Why multiple LTSM layers for encoder and only one LSTM for decoder?

Hi everyone,

Adding to the very relevant questions from https://community.deeplearning.ai/t/questions-regarding-course-4-week-1/175440, I wanted to ask the following: Why several serial layers of LSTMs are used for the encoder part and only one LSTM layer is user for the decoder?

If I may one for question: Regarding trax’s LSTM implementation, the layer actually has several inputs/outputs (c, a, y hat, t), right? Does it simply “know” how to connect and forward stacked LSTMs? What if we wanted to inspect or use somehow these various inputs/outputs from the middle or final layers?

Thanks in advance,
Jose

Hi @Jose_Leal_Domingues

Actually decoder uses n_decoder_layers in NMTAttn() function in UNQ_C4 step 7. pre_attention_decoder_fn() on the other hand uses a single LSTM layer. It’s a design choice but you “might see” why it makes sense (to not use multiple layers on pre-attention and then again use multiple layers in NMTAttn).

Short answer - yes. Each LSTM cell get the same number (shape) of inputs and outputs and that is why you need to initialize hidden states - for the very first step (trax also helps you with initialization too by creating shapes and values of initial hidden states).
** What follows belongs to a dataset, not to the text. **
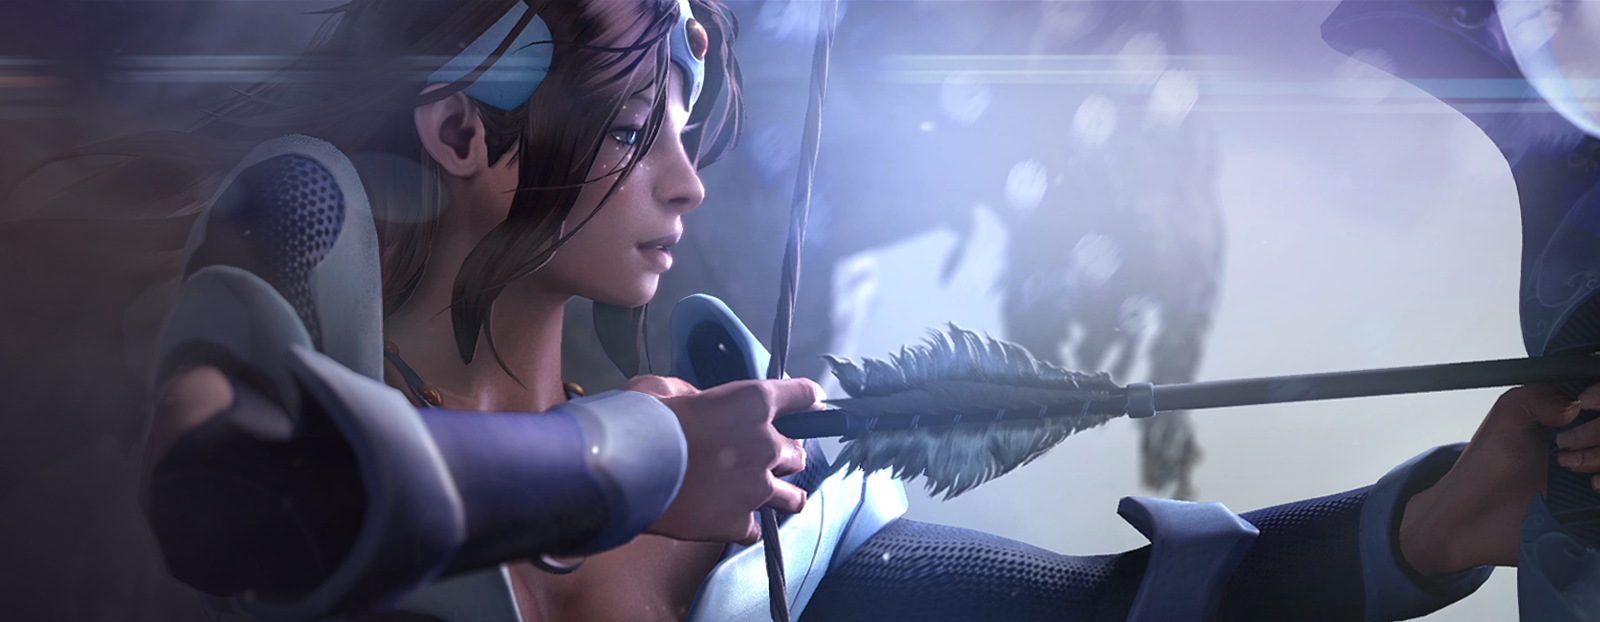 Mirana awesome background at the dota 2 reborn page
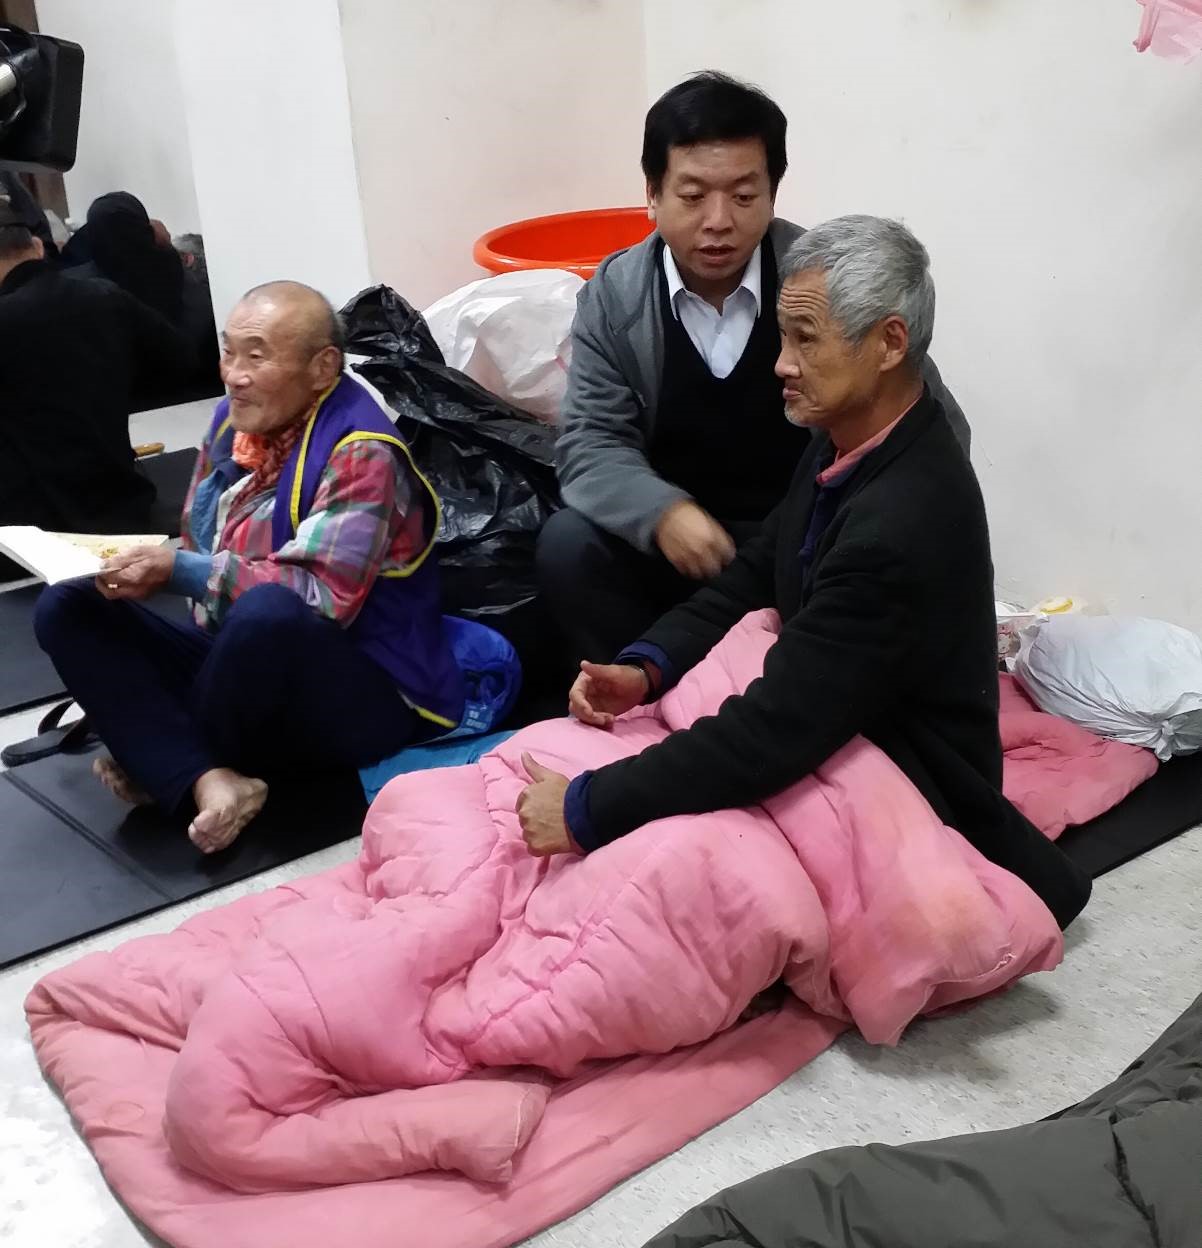 Our commissioner visited the homeless people

There are number of ways you could do that and they vary in simplicity. If you would want to just “check” them you could simply “debug” the code and follow trace.
You could also inherit the class and write your own forward function, maybe dumping values to some file.
Also there are more sophisticated ways of doing it which would probably require a whole course on it :slight_smile: